The dataset can be found in this online storage service where it has been uploaded by udacity here, with feature documentation available here.

Summary of Findings

In the exploration phase, i predicted two features Employment Status and Verifiable income sources will be most likely predictive of my variable of interest but i had to drop the Verifiable income source upon observation of its distribution with respect to the variable of interest.
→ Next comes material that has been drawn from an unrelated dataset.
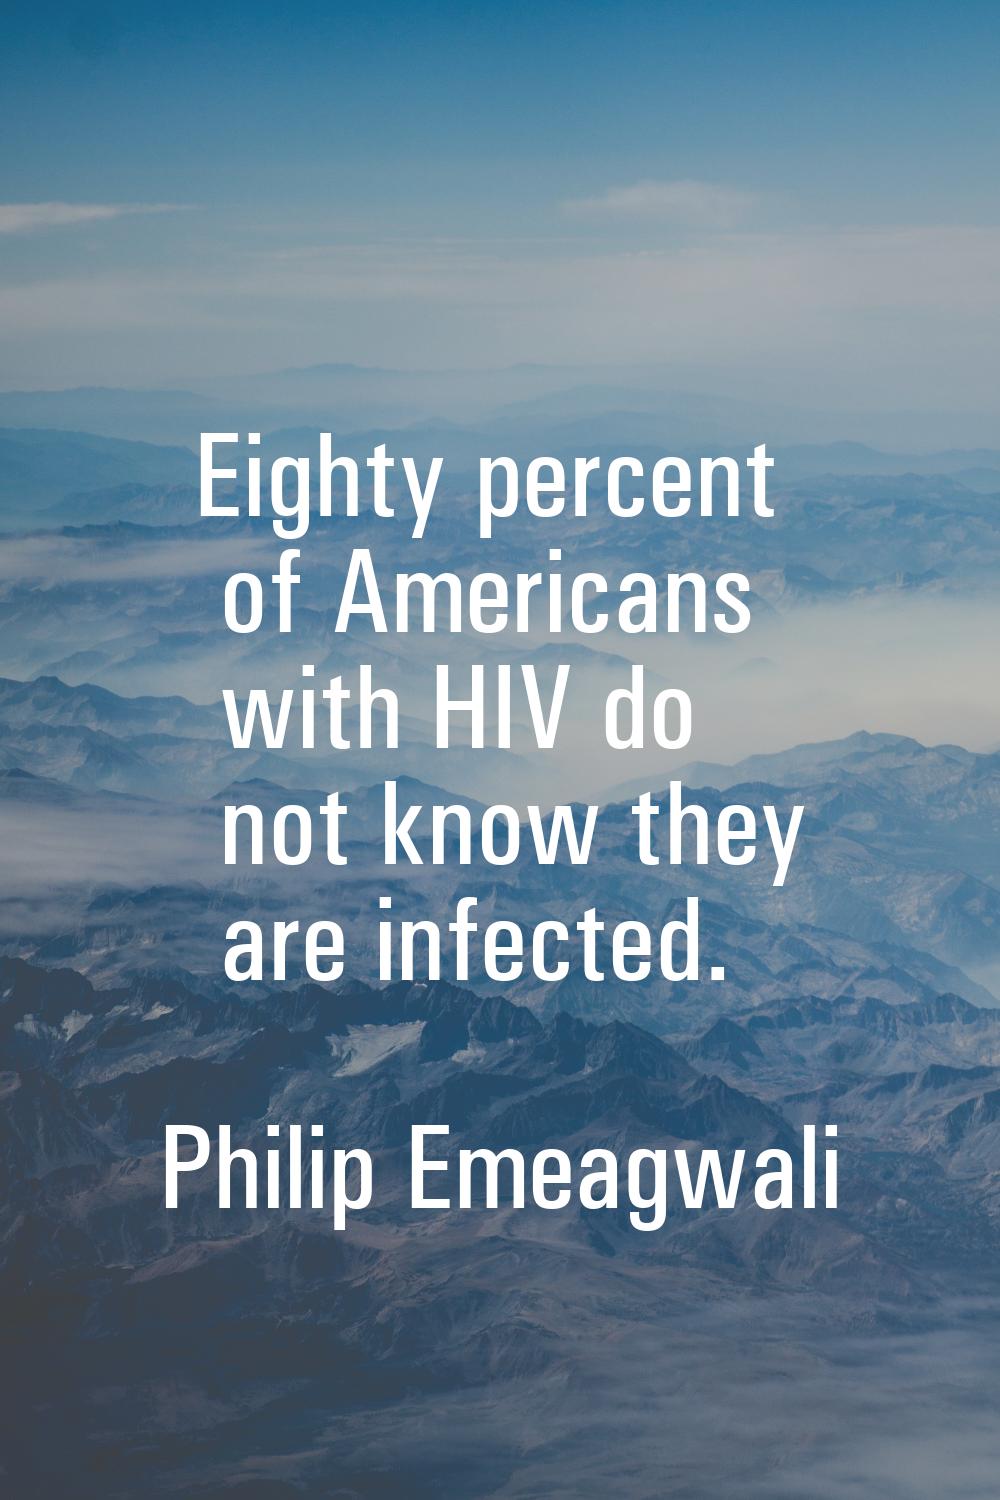 Eighty percent of Americans with HIV do not know they are infected.
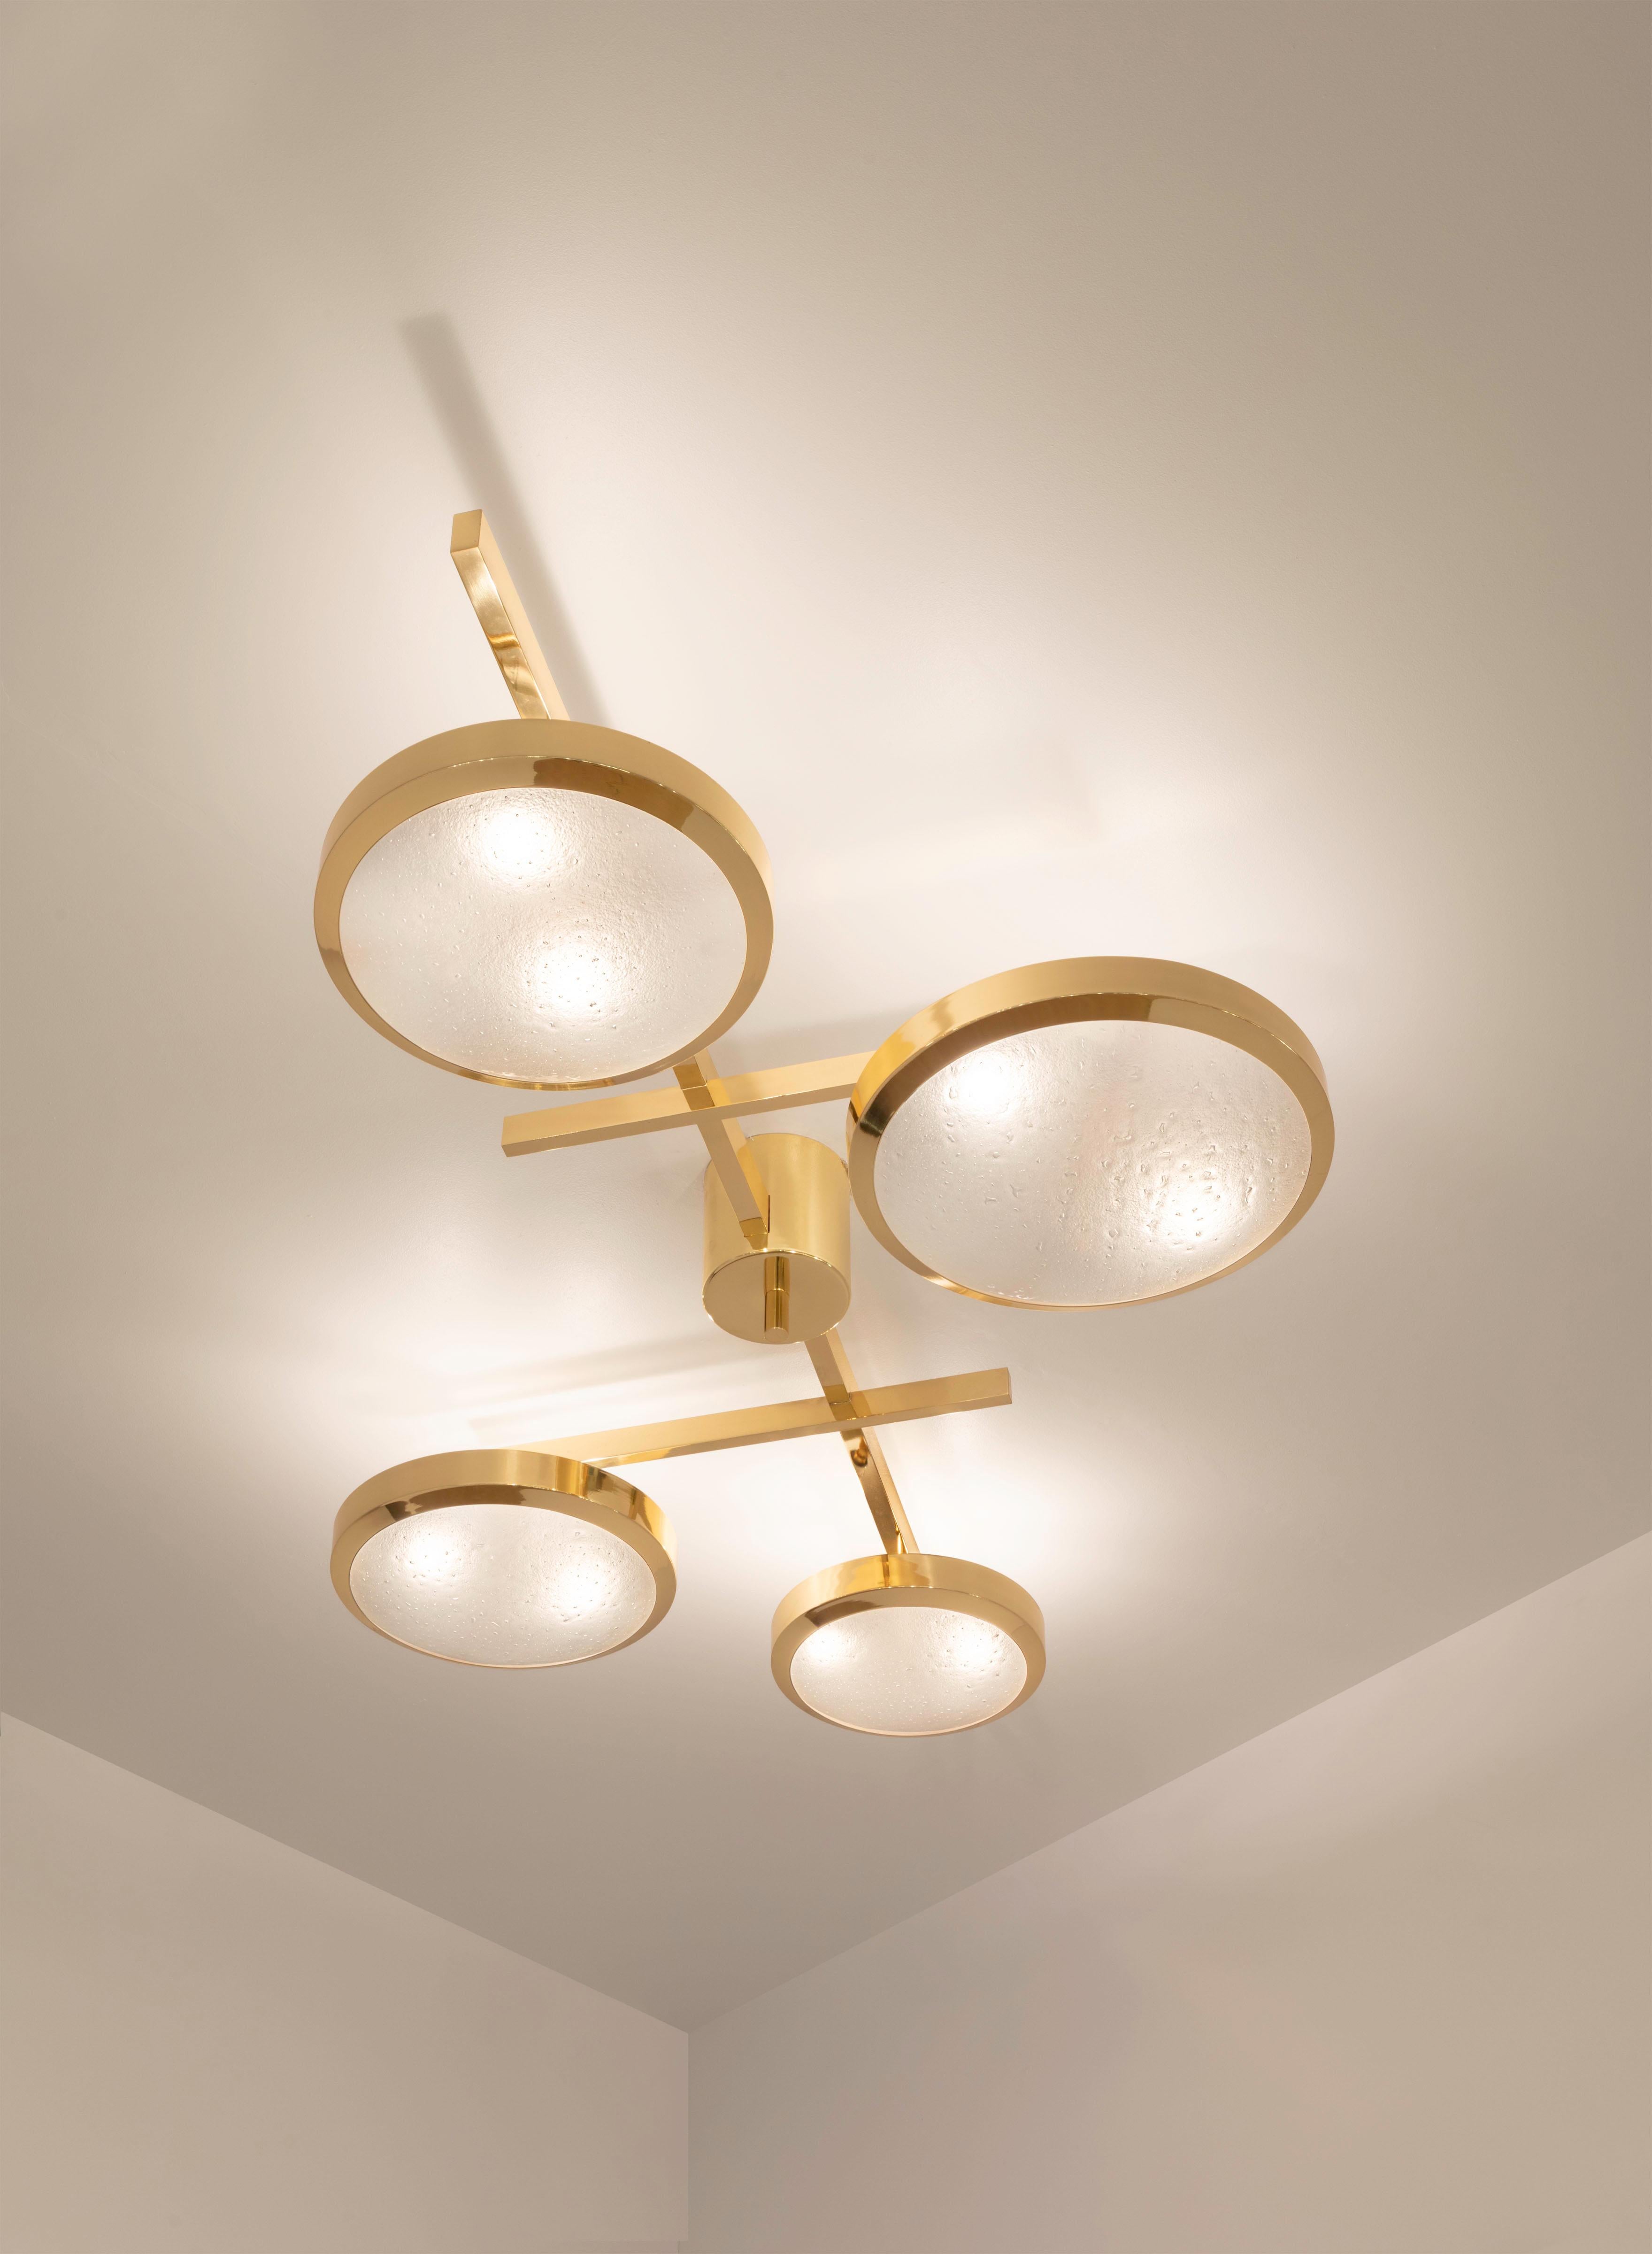 Italian Tetrix Ceiling Light by Gaspare Asaro - Polished Brass Finish For Sale

At the end of this exploration, i was able to deduce that those who satisfy the following conditions are more likely to complete their loans.

  1. Employed: whether full time, part time, employed
  2. Loan taken for personal reasons.
  3. Average credit score between 650 and 750
  4. Recommedations >=10

Apart from the main variable of interest, i also observed some relation between some of the numeric variables such as the recommendation count and the count of investment from friends in which i noticed that the more recommendations there are, the more friends invested in the loan. Also, the average credit score range (which was obtained from taking the average of the upper credit score range and the lower credit score range) and the amount of principal payments made before charged off also have slight correlation.

Key Insights for Presentation

For the presentation, i focused on the employment status, Average credit score and Recomendations count. I started by looking at the distribution of the variable of interest LoanStatus followed by the employment status distribution.

I also investigated the other variables one by one plotting their distribution with histograms. Finally, i investigated the effect of these variables on the interaction between loan status and emploment status using both boxplot and point plot.

Acknowledgements

A very big thank you to Access Bank plc and their advance africa scholarship program without which i would not have been able to participate in this program. Also a big shout out to Udacity for their well packaged and sound curriculum. More power to your elbows. Finally, thanks to my parents, teachers and all who have helped me to be who i am today.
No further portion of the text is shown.